_TASK REQUIREMENTS_
Your task is to reproduce exactly the lines from the one containing "Plug-in Editor Block" through the last line below, both ends included, and nothing else, with no pictures.

_RECORDED INFORMATION_
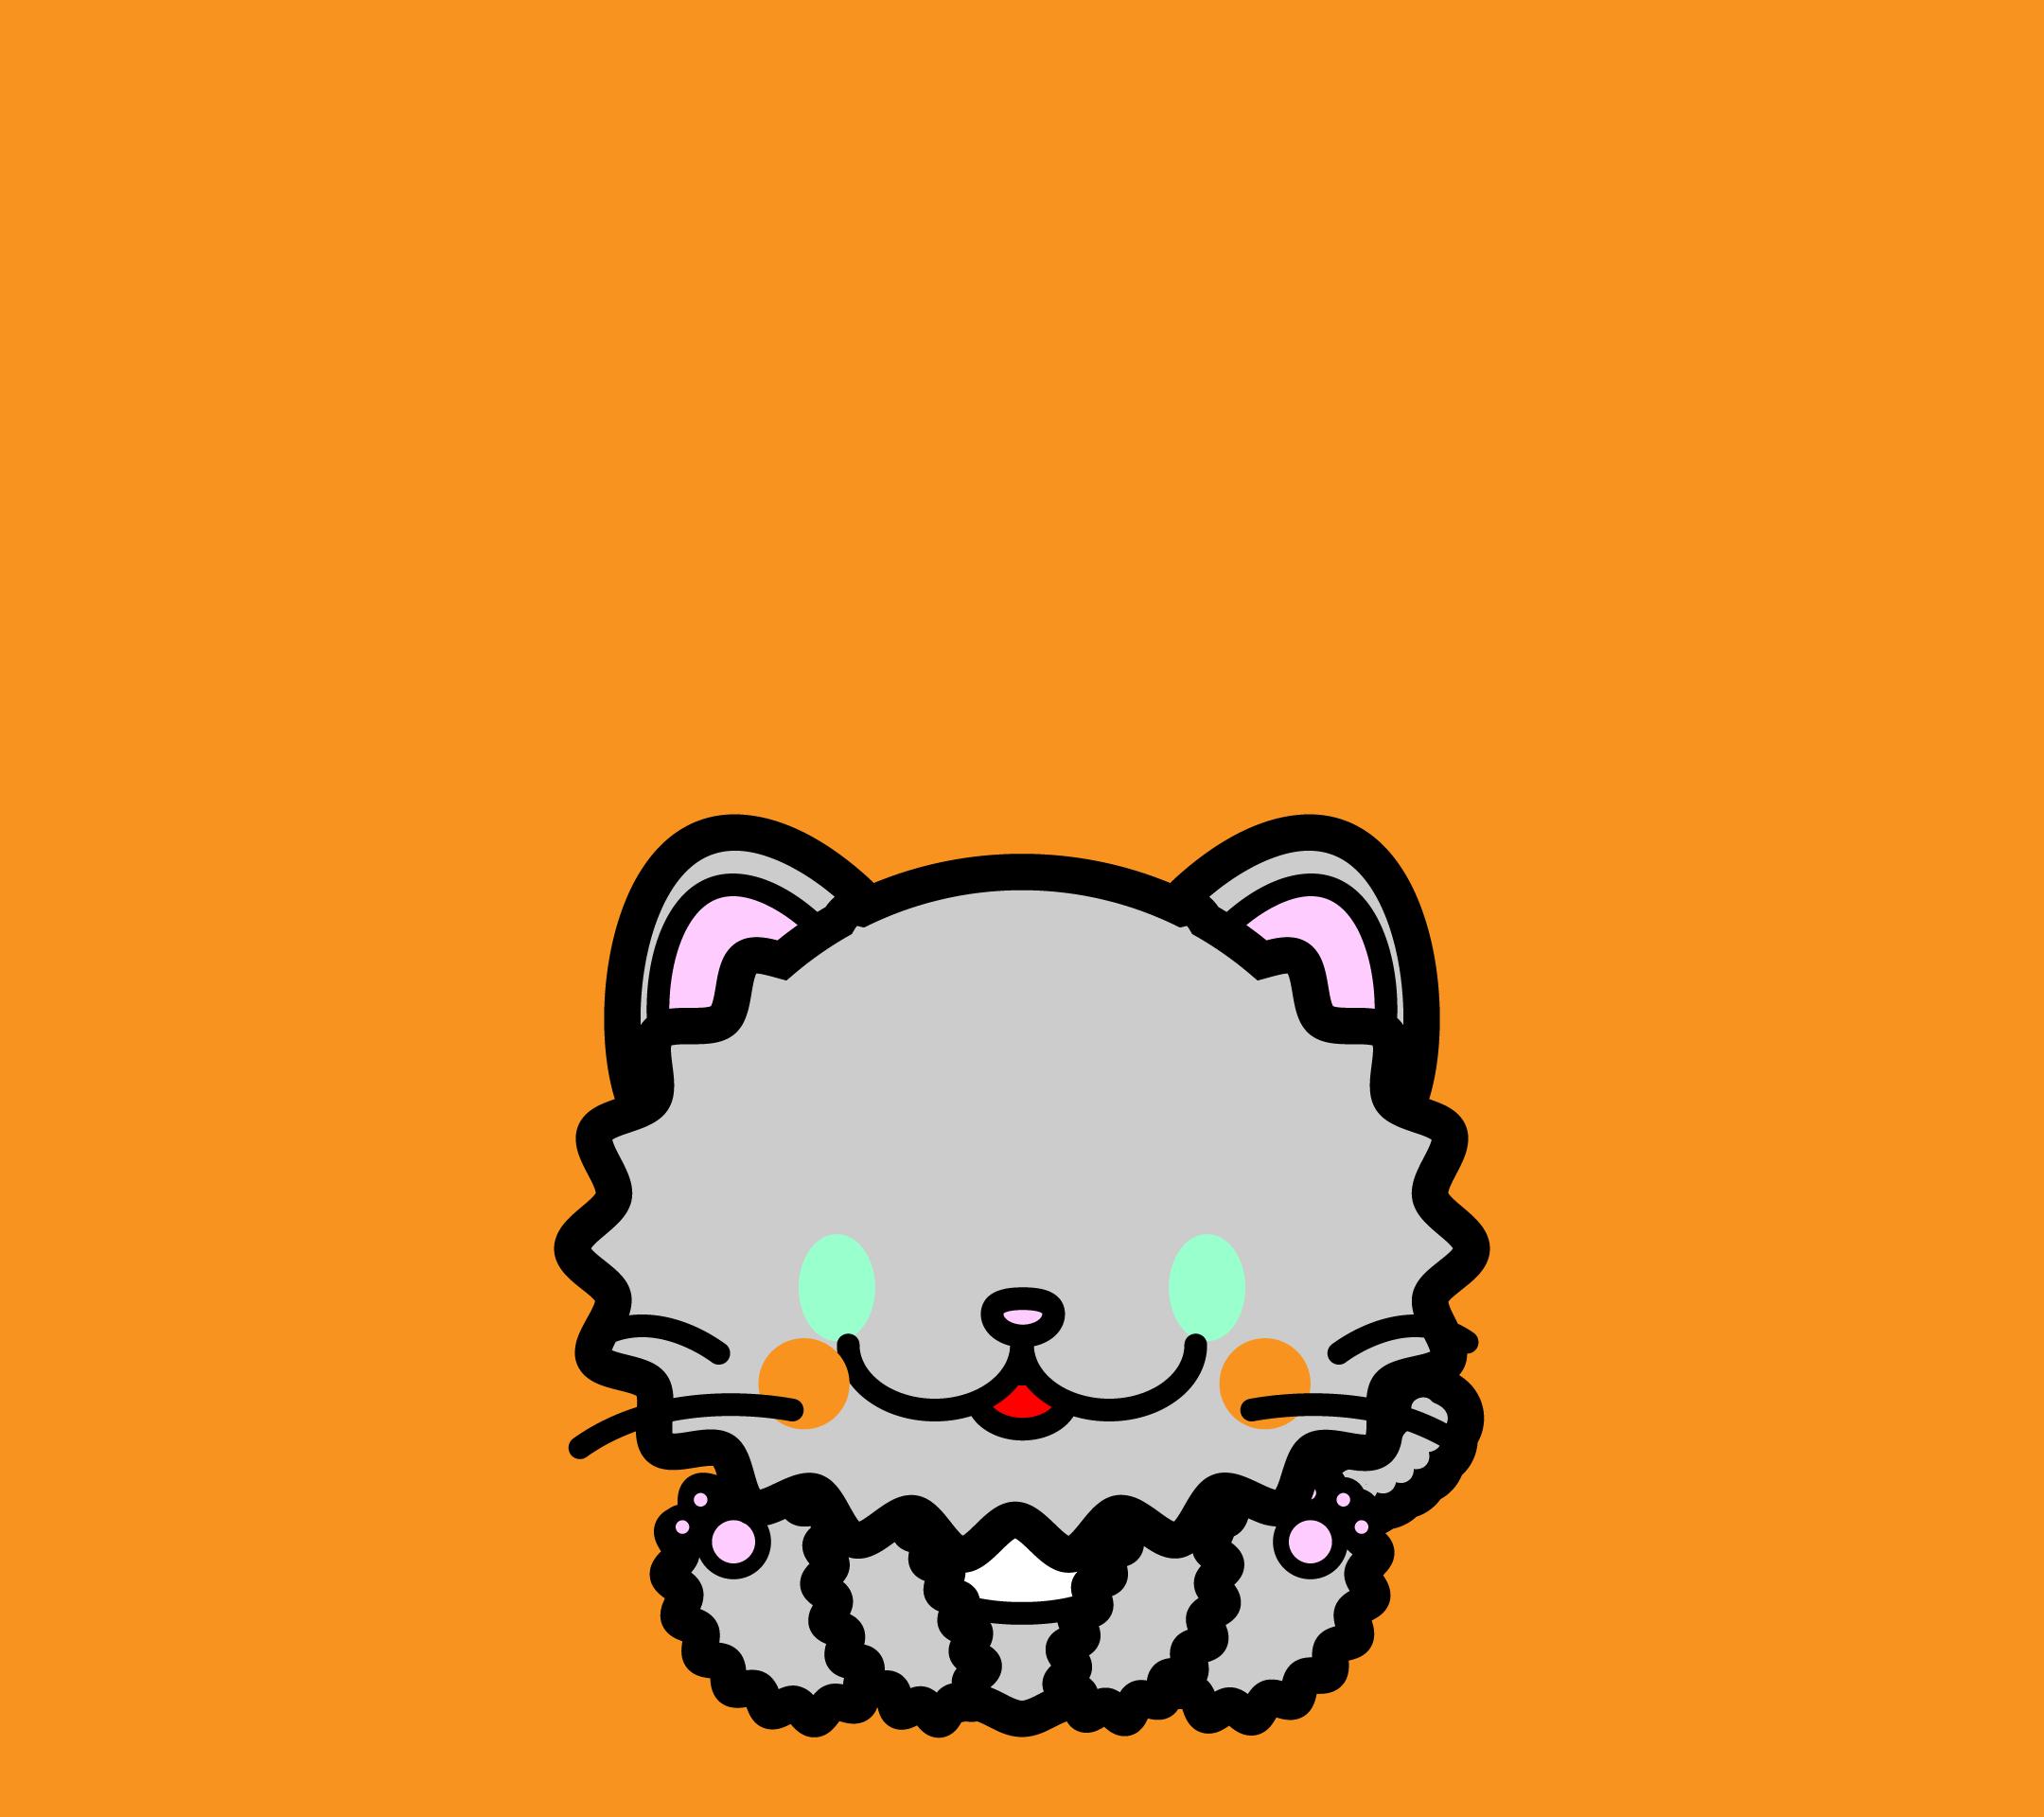 かわいい座りペルシャ猫壁紙(Android)の無料イラスト・商用フリー
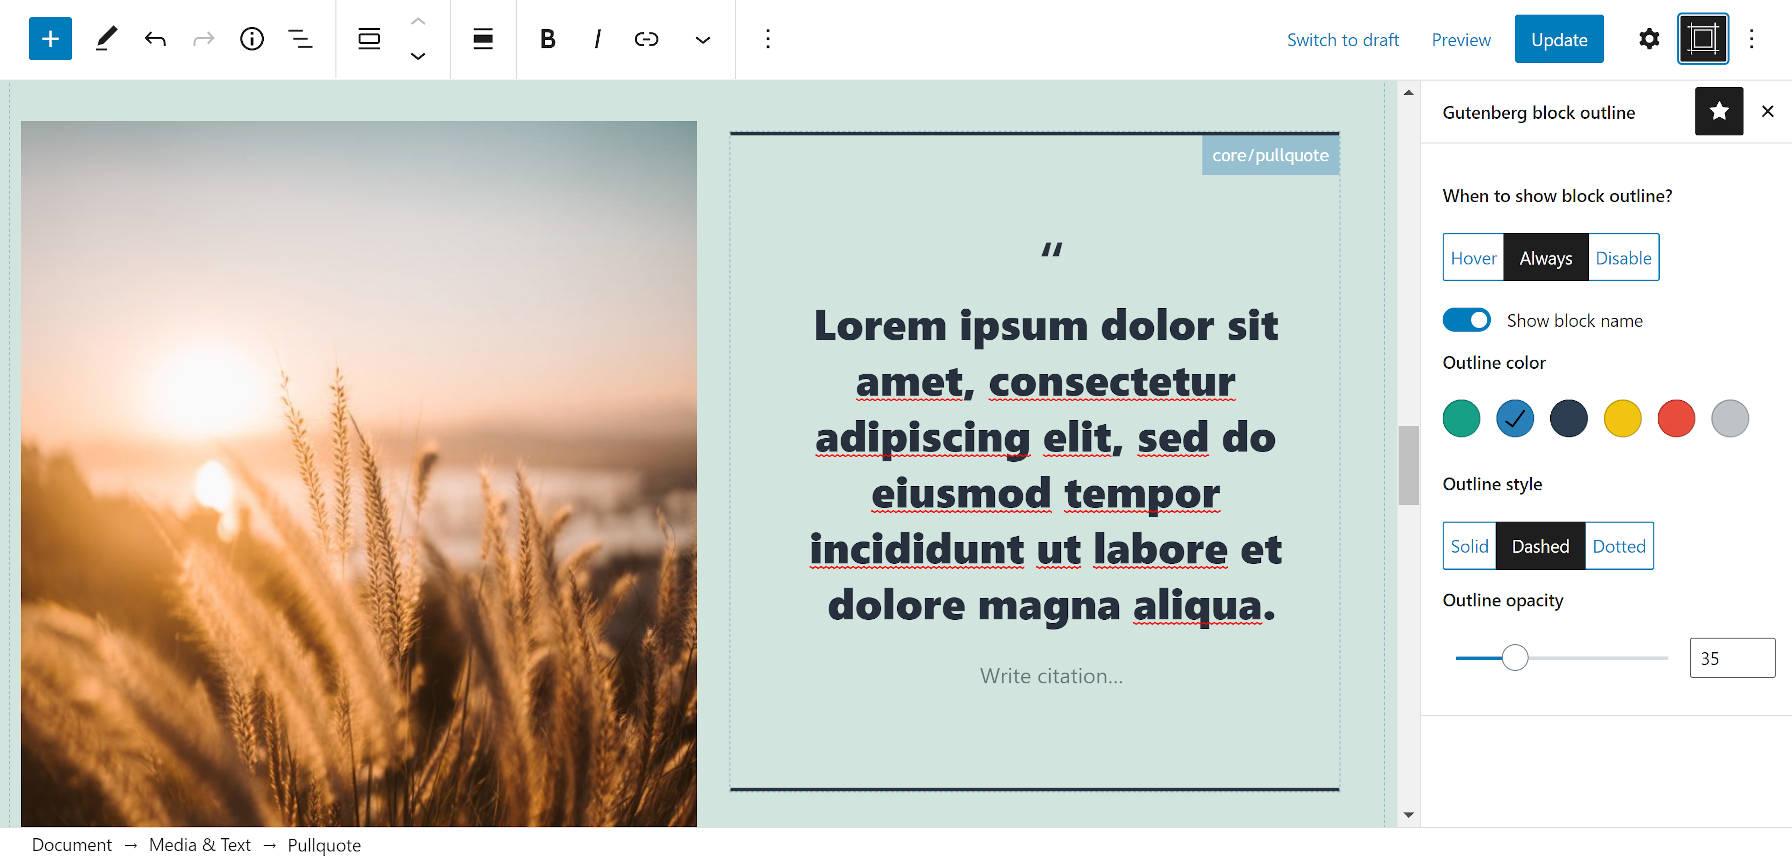 Plug-in Editor Block Outline dans la barre latérale de l'éditeur de blocs.
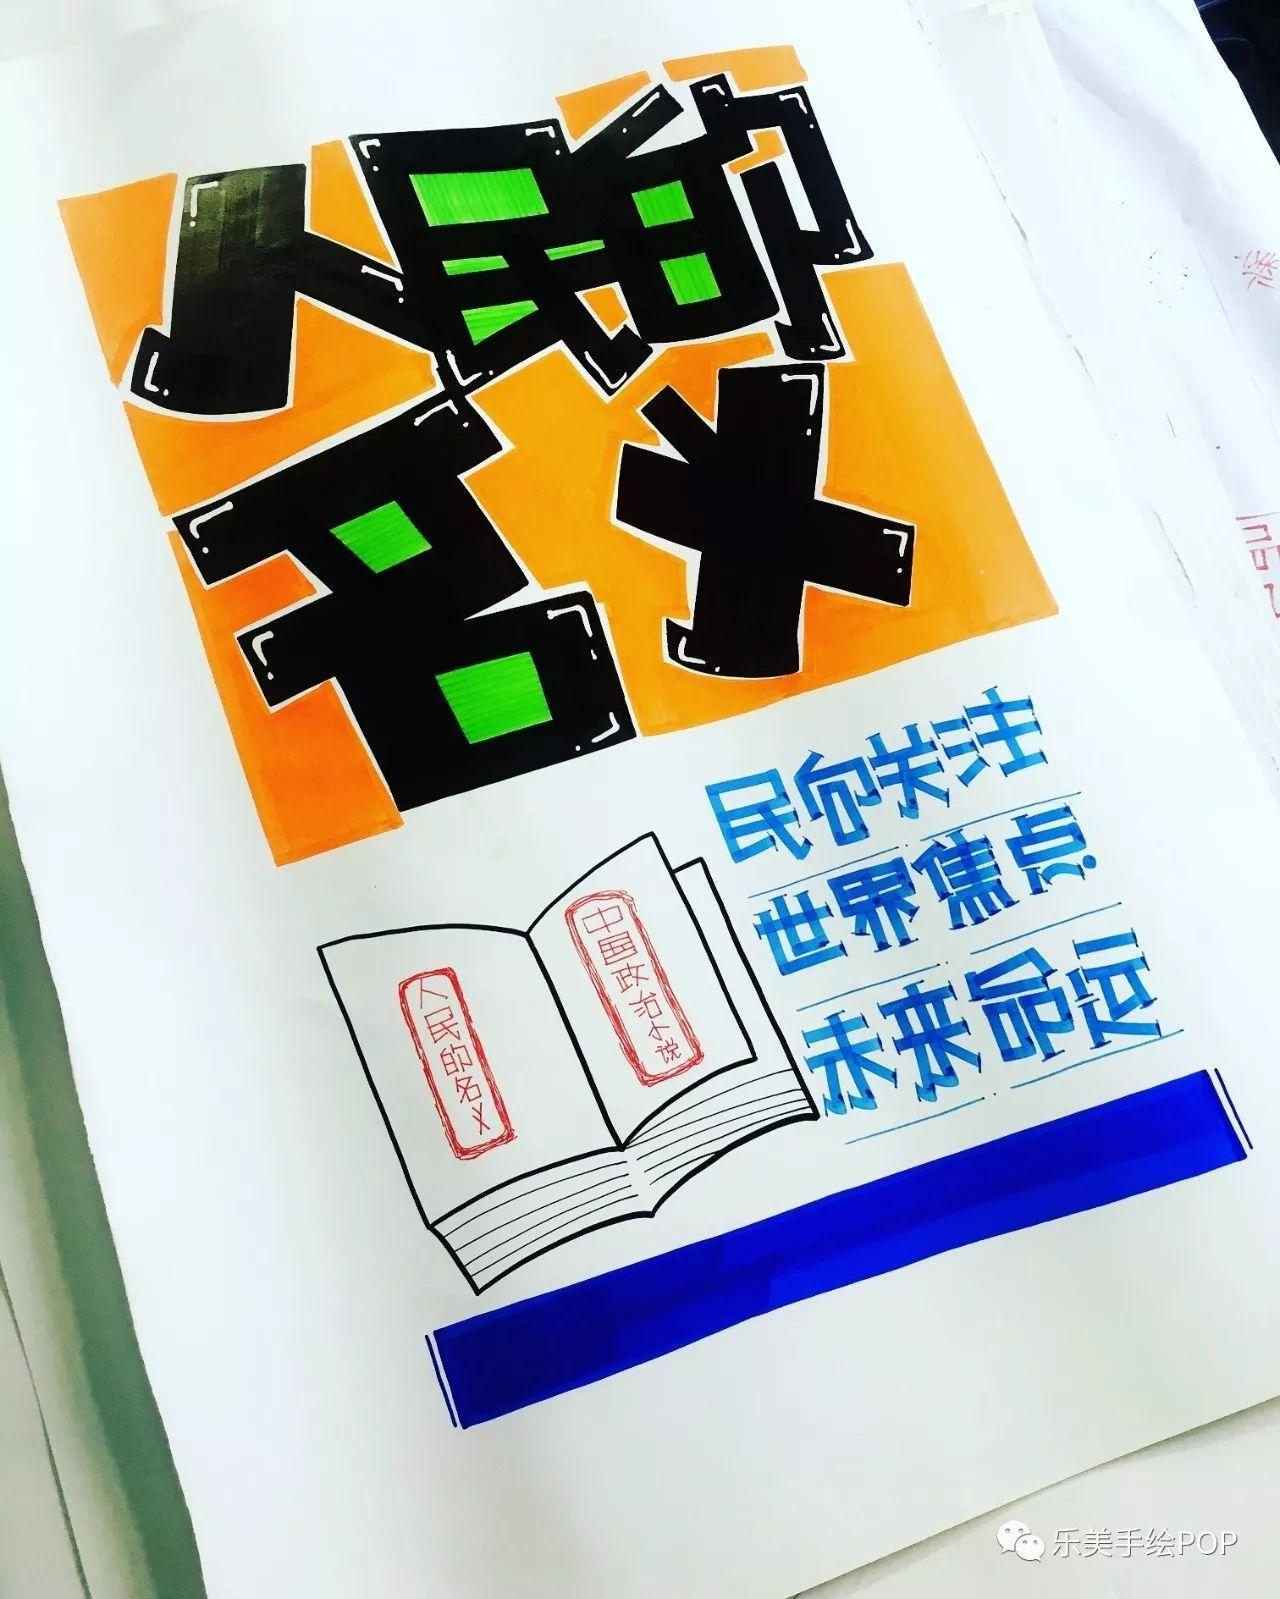 【年度复盘图书行业pop海报】书店pop海报

_EXERCISE OUTPUT_
 Plug-in Editor Block Outline dans la barre latérale de l'éditeur de blocs.
 【年度复盘图书行业pop海报】书店pop海报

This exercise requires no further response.